Burial Ground, Kilbannivane, Co. Kerry
Co. Kerry |
Burial Grounds
A black iron gate set between two rendered piers still marks the entrance to Kilbannivane graveyard in County Kerry, suggesting a site that was once maintained with some care.
Step through it, however, and the contrast is immediate. The interior is so heavily overgrown that moving through it with any ease is close to impossible, the rubblestone enclosure wall crumbling in several places, particularly along the northern boundary.
A survey carried out by Laurence Dunne in 2012 recorded twenty-five tombs within the graveyard, many of them in poor, dilapidated, or collapsed condition. Dunne described the site as entirely neglected, the result of a sustained absence of basic maintenance. The enclosure itself, built in the dry rubblestone tradition common to Kerry, has suffered accordingly, its walls consumed by vegetation and sagging where foundations have shifted. The tombs, whatever their original form or inscription, are now largely obscured beneath the growth.
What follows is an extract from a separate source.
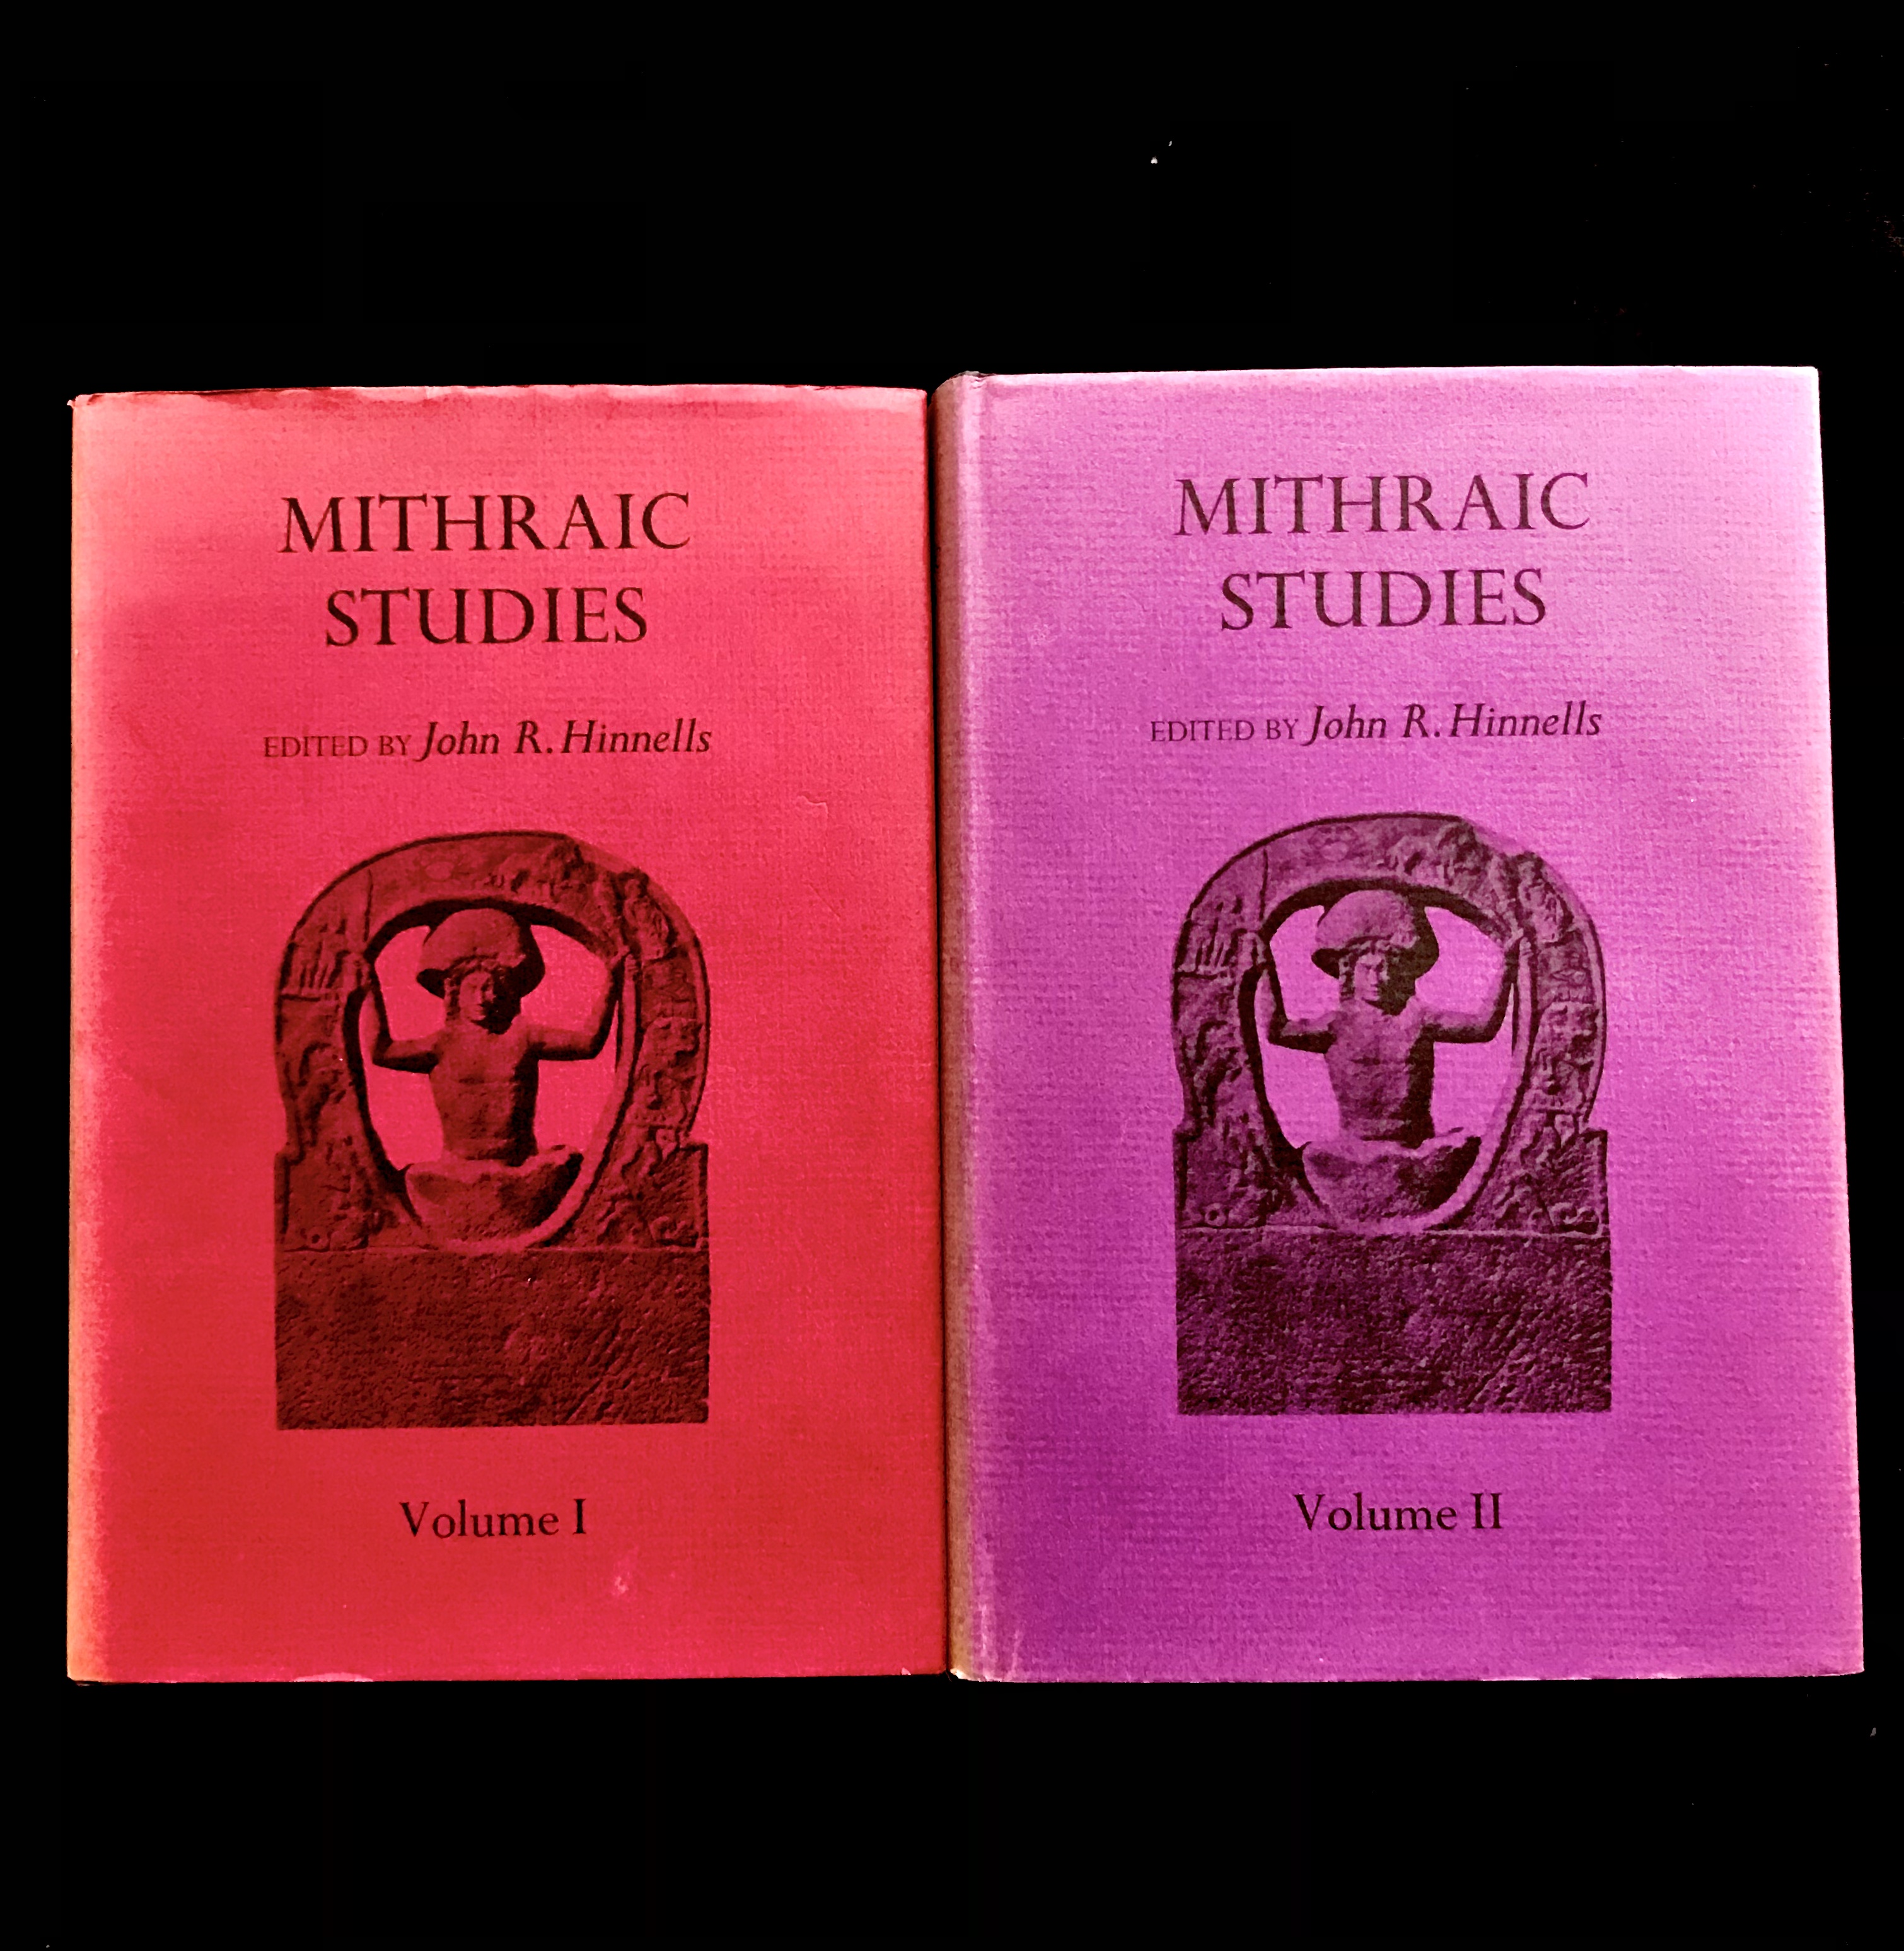 Mithraic Studies 2 Volumes Edited by John R. Hinnells
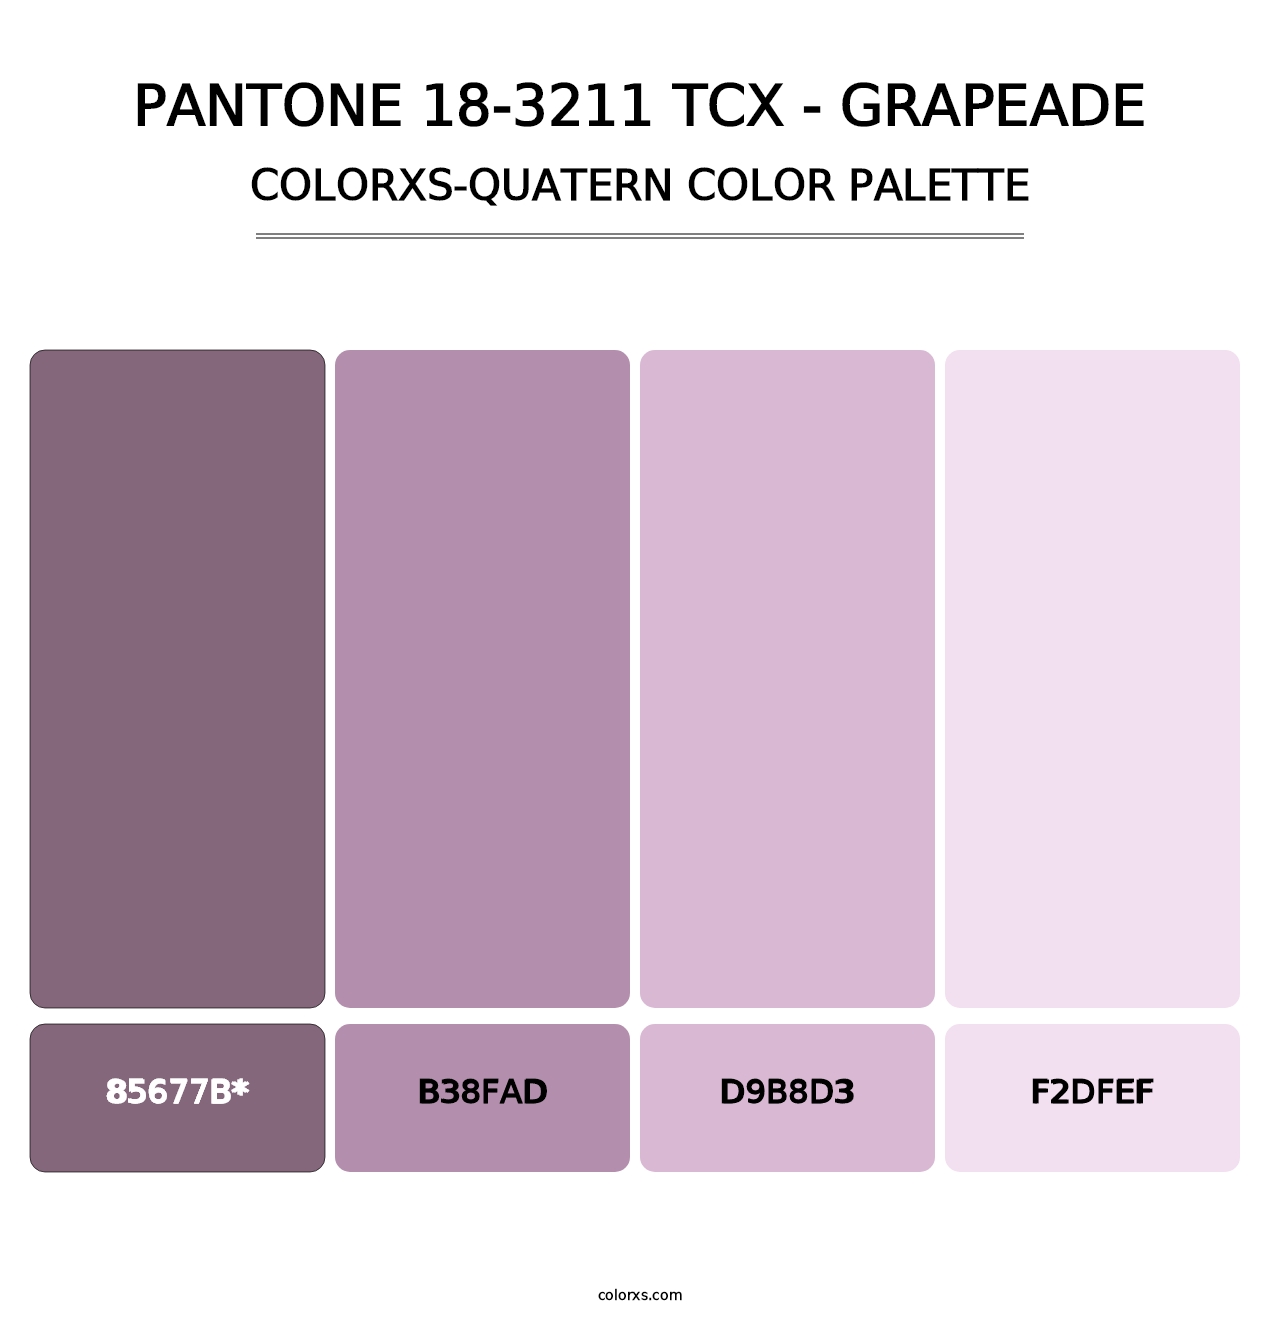 PANTONE 18-3211 TCX - Grapeade - Colorxs Quatern Palette

For anyone making their way to Kilbannivane, the gate remains the clearest point of orientation, though the difficulty of moving through the interior, noted over a decade ago, is unlikely to have improved with time. The northern wall in particular was identified as the most deteriorated section of the boundary, and the dense overgrowth throughout makes close inspection of individual monuments a slow and careful business.